«Tomó consigo a Pedro, a Santiago y a su hermano Juan, y subió con ellos aparte a un
monte alto. Se transfiguró delante de ellos,
y su rostro resplandecía como el sol, y sus vestidos se volvieron blancos como la luz» (Mt 17, 1-2).
Dice el Evangelio que, junto a Jesús
transfigurado, «aparecieron Moisés y Elías conversando
con él» (Mt 17, 3);
Moisés y Elías, figura de la Ley y de los Profetas. Fue
entonces cuando Pedro, extasiado, exclamó: «Señor, ¡qué bueno es que estemos
aquí! Si quieres, haré tres tiendas: una para ti, otra para Moisés y otra para
Elías» (Mt 17, 4). Pero san Agustín comenta diciendo que nosotros
tenemos sólo
una morada: Cristo; él «es la Palabra de Dios, Palabra de Dios en la Ley, Palabra
de Dios en los Profetas» (Sermo De Verbis Ev. 78,
3: pl 38, 491).
De hecho,
el Padre mismo proclama: «Este es mi Hijo, el amado, en quien me complazco.
Escuchadlo» (Mt
17, 5).
La Transfiguración no es un cambio de
Jesús, sino
que es
la revelación de su divinidad, «la íntima compenetración de su ser con Dios,
que se convierte en luz pura.

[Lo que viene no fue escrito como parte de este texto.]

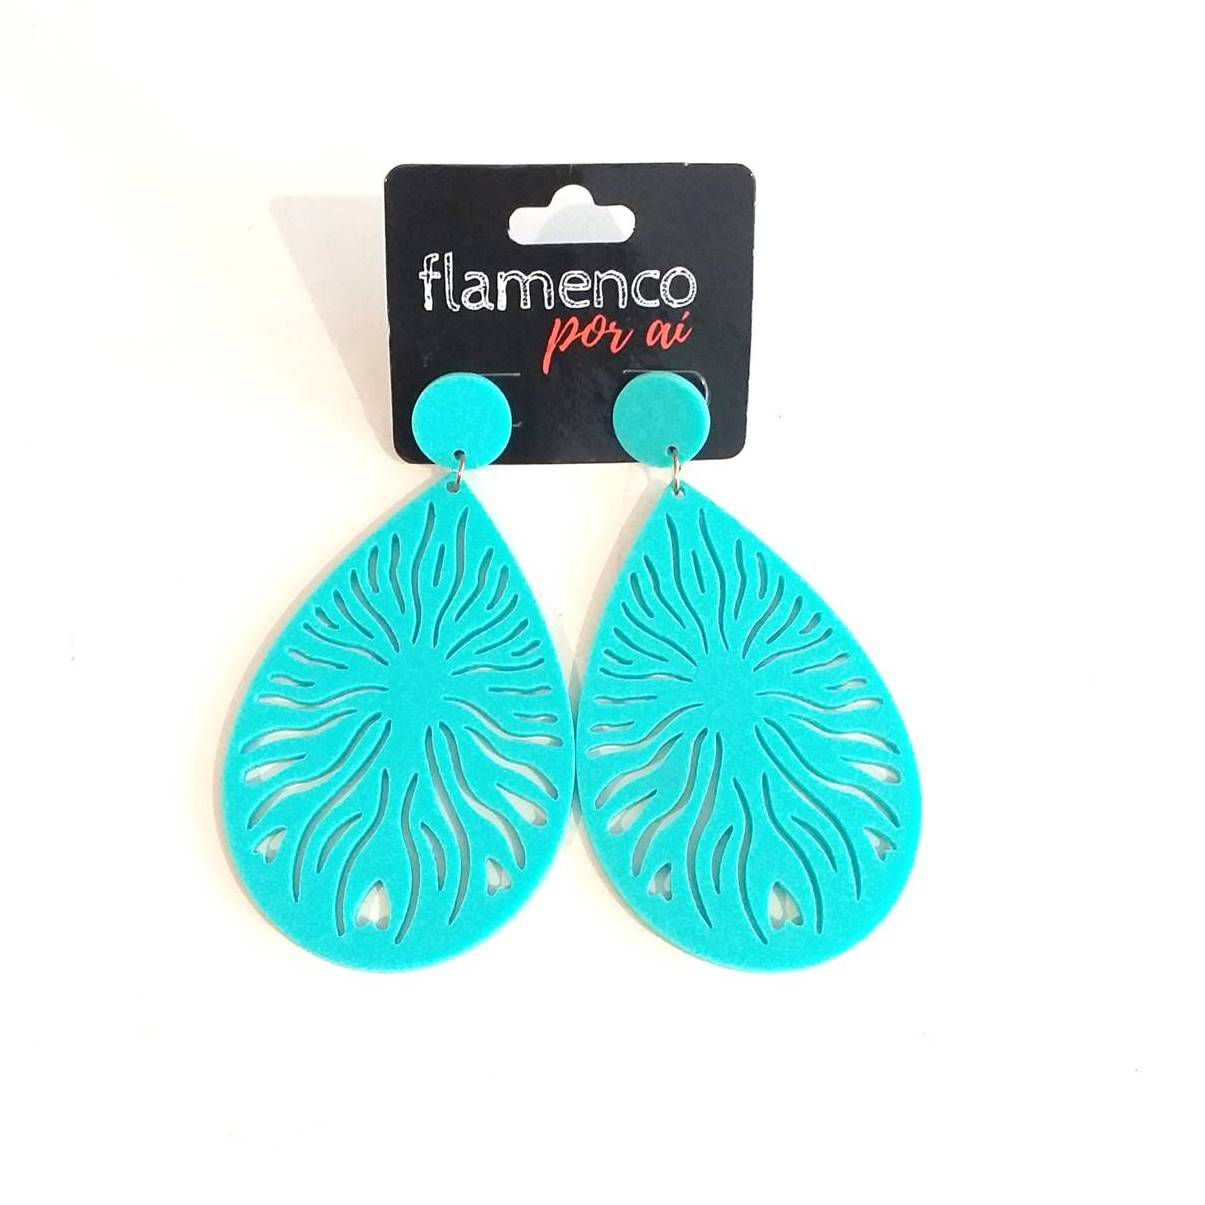 BRINCO flamenco acrílico leve gota vazada 4,5x8cm
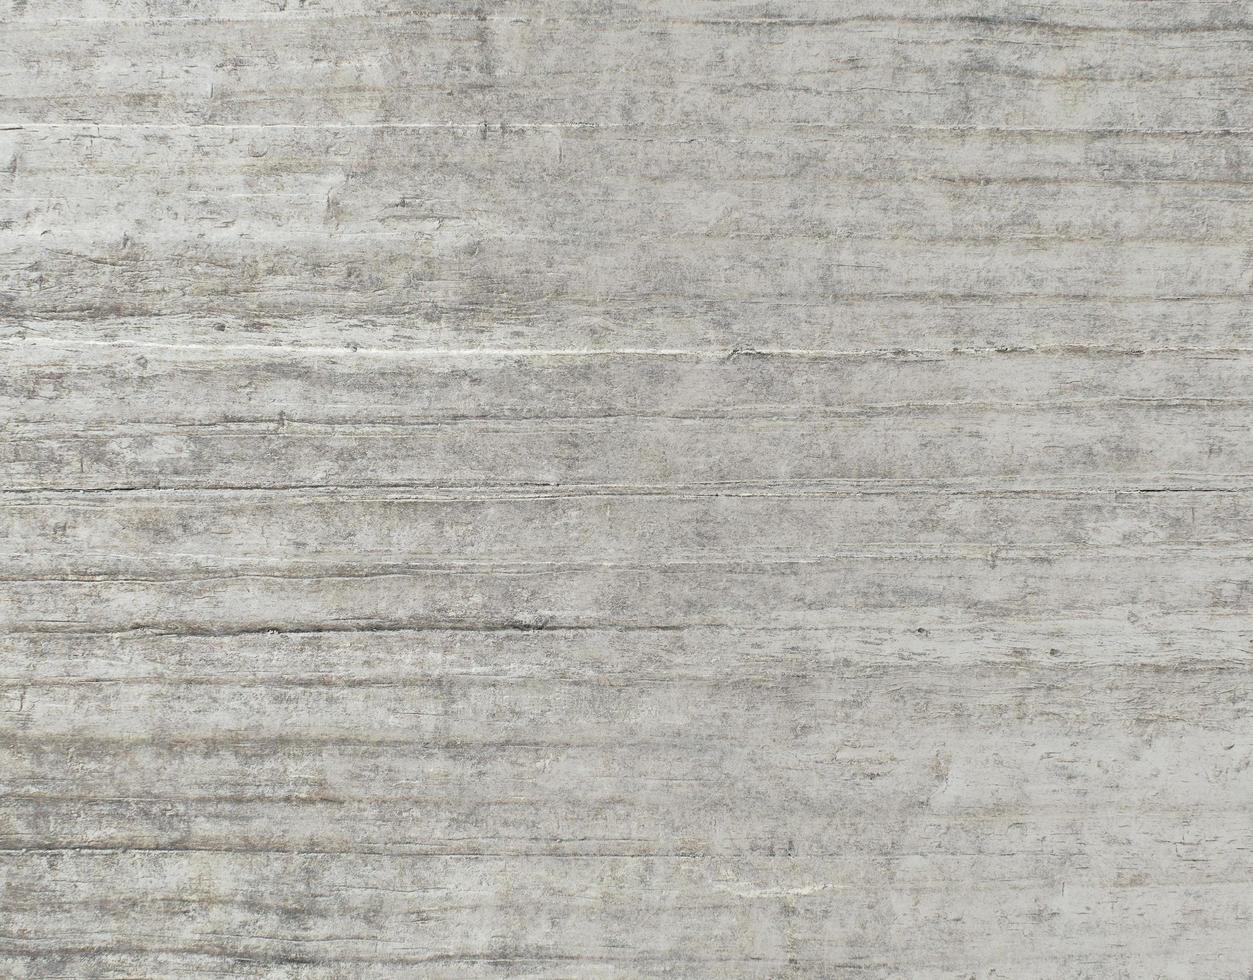 Wooden warm texture photo

En su ser uno con el Padre, Jesús mismo es Luz de
Luz» (Jesús de Nazaret, Madrid 2007, p. 361). Pedro, Santiago y Juan, contemplando
la divinidad del Señor, se preparan para afrontar el escándalo de la cruz,
como se canta en un antiguo himno: «En
el monte te transfiguraste y tus discípulos, en
la medida de su capacidad, contemplaron
tu gloria, para que, viéndote
crucificado, comprendieran que tu pasión era voluntaria y anunciaran al mundo que tú eres verdaderamente el
esplendor del Padre» (Kontákion eis ten metamórphosin, en:
Menaia, t. 6, Roma 1901, 341).
Queridos amigos, participemos también
nosotros de esta visión y de este don sobrenatural, dando espacio a la oración
y a la escucha de la Palabra de Dios.